Problem: Write down exactly the lines from the one below that has "Hamrick 'Water Notes'" to the end of the data, both ends included; the pictures should not appear in your copy.

Collected data:
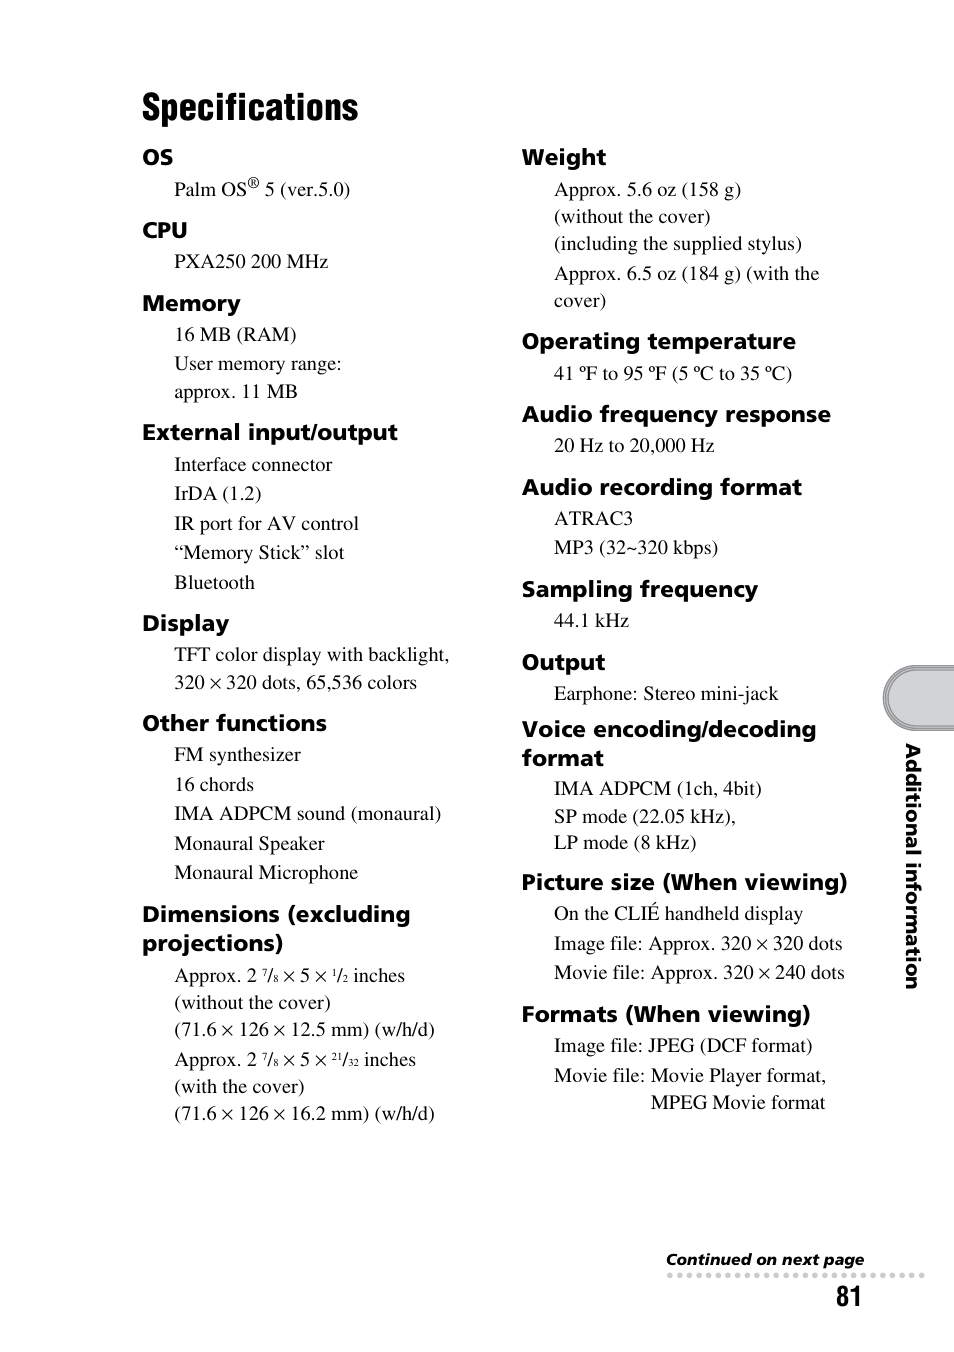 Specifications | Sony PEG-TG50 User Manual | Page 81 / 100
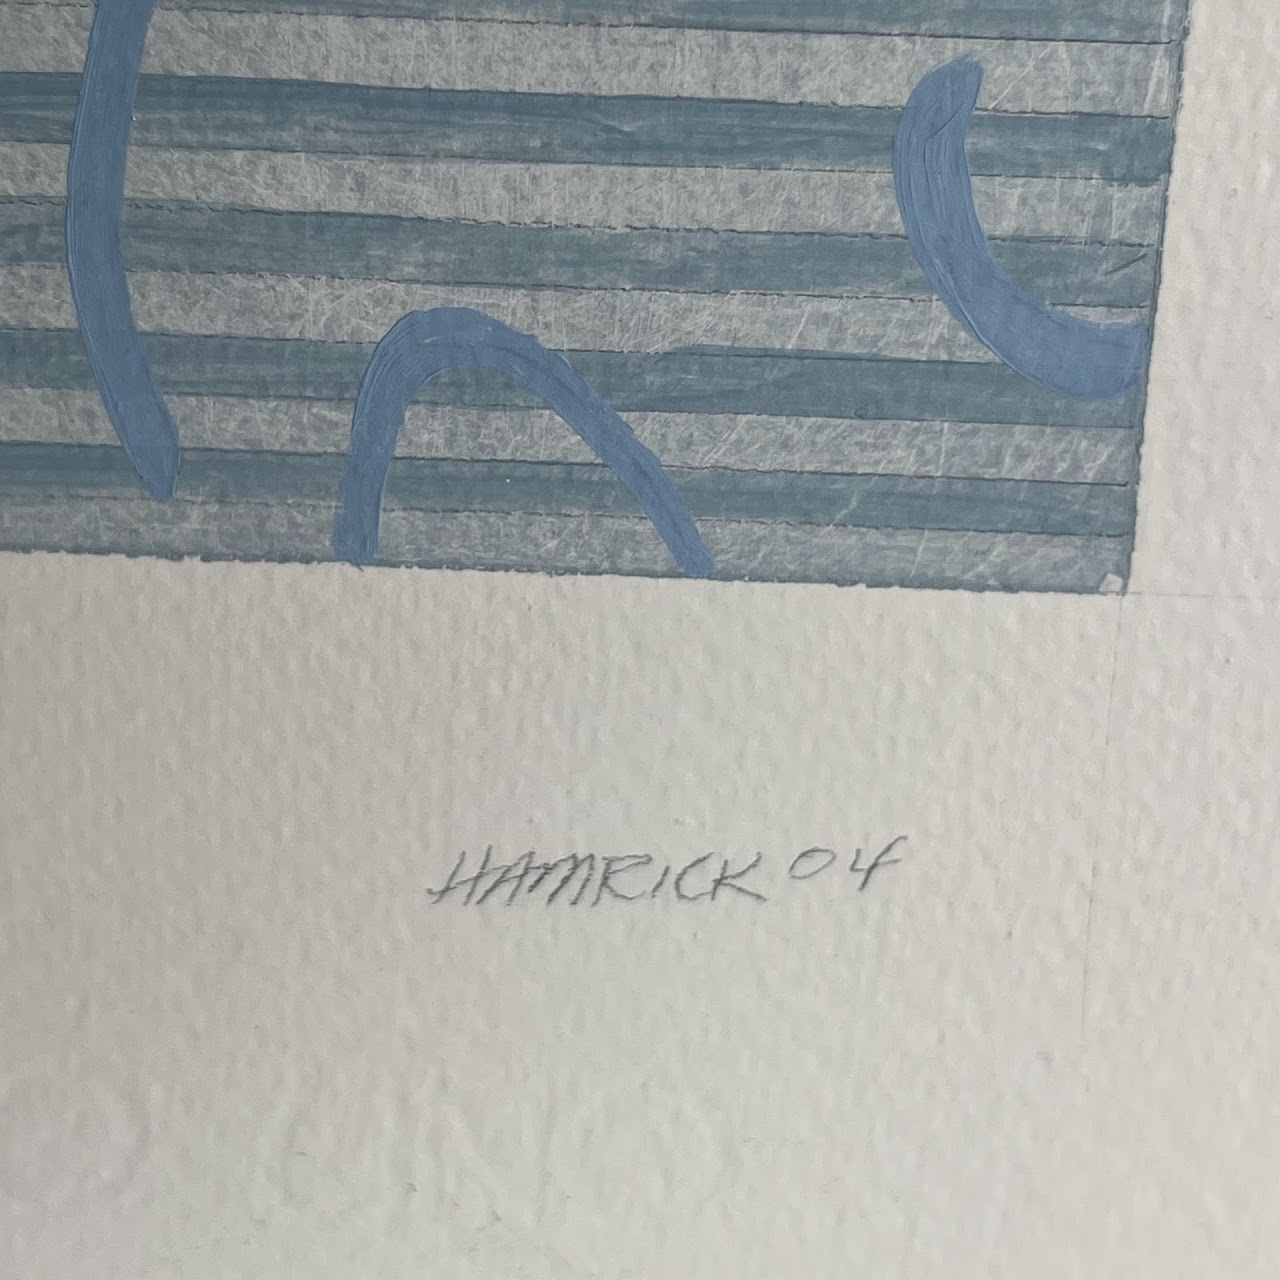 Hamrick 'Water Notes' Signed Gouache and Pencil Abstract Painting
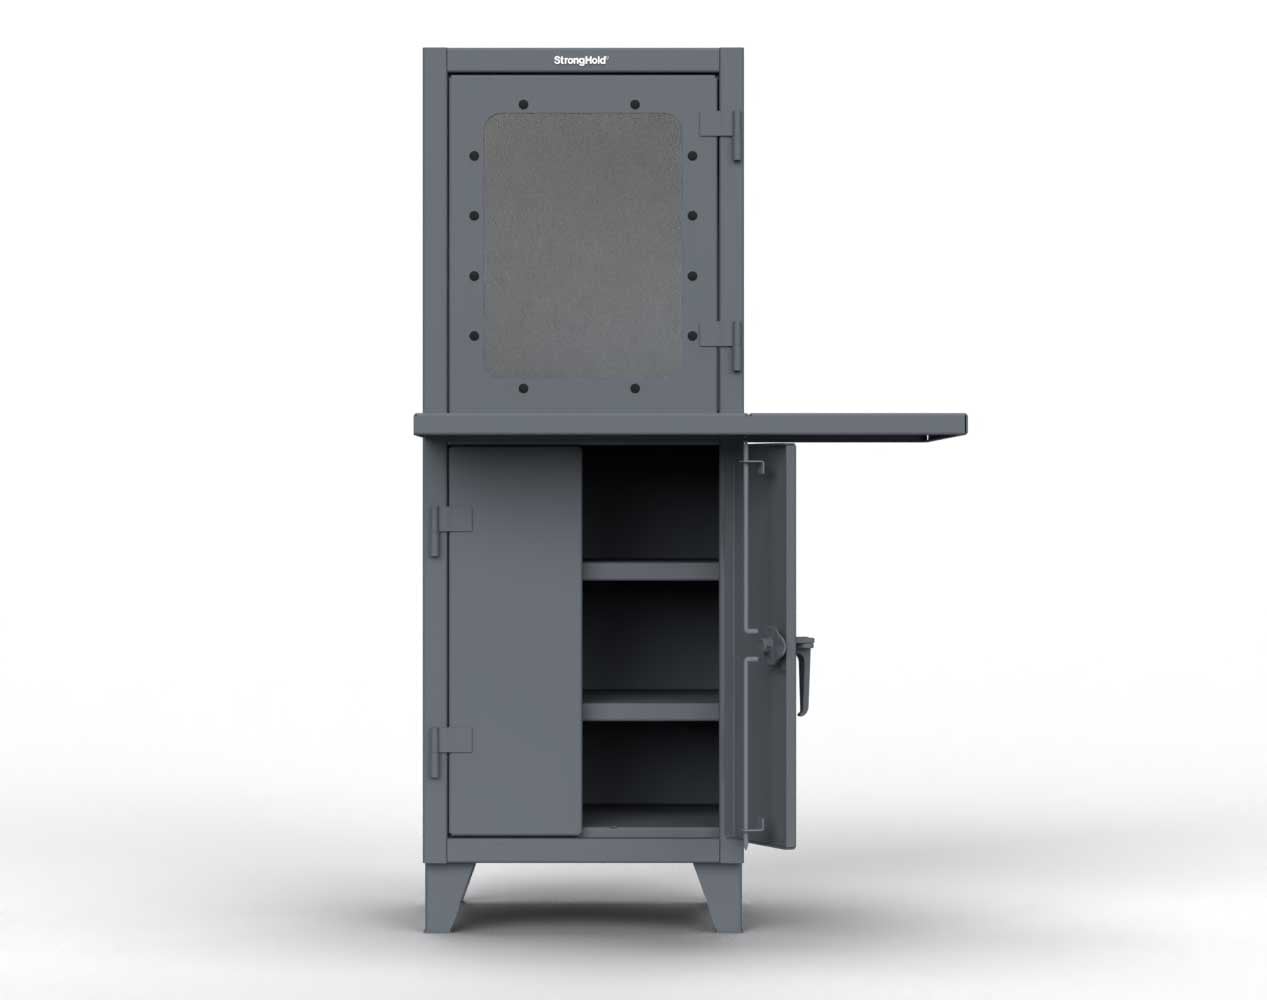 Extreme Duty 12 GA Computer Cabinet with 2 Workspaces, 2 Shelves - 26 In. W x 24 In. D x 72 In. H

Answer for the task:
 Hamrick 'Water Notes' Signed Gouache and Pencil Abstract Painting
 Extreme Duty 12 GA Computer Cabinet with 2 Workspaces, 2 Shelves - 26 In. W x 24 In. D x 72 In. H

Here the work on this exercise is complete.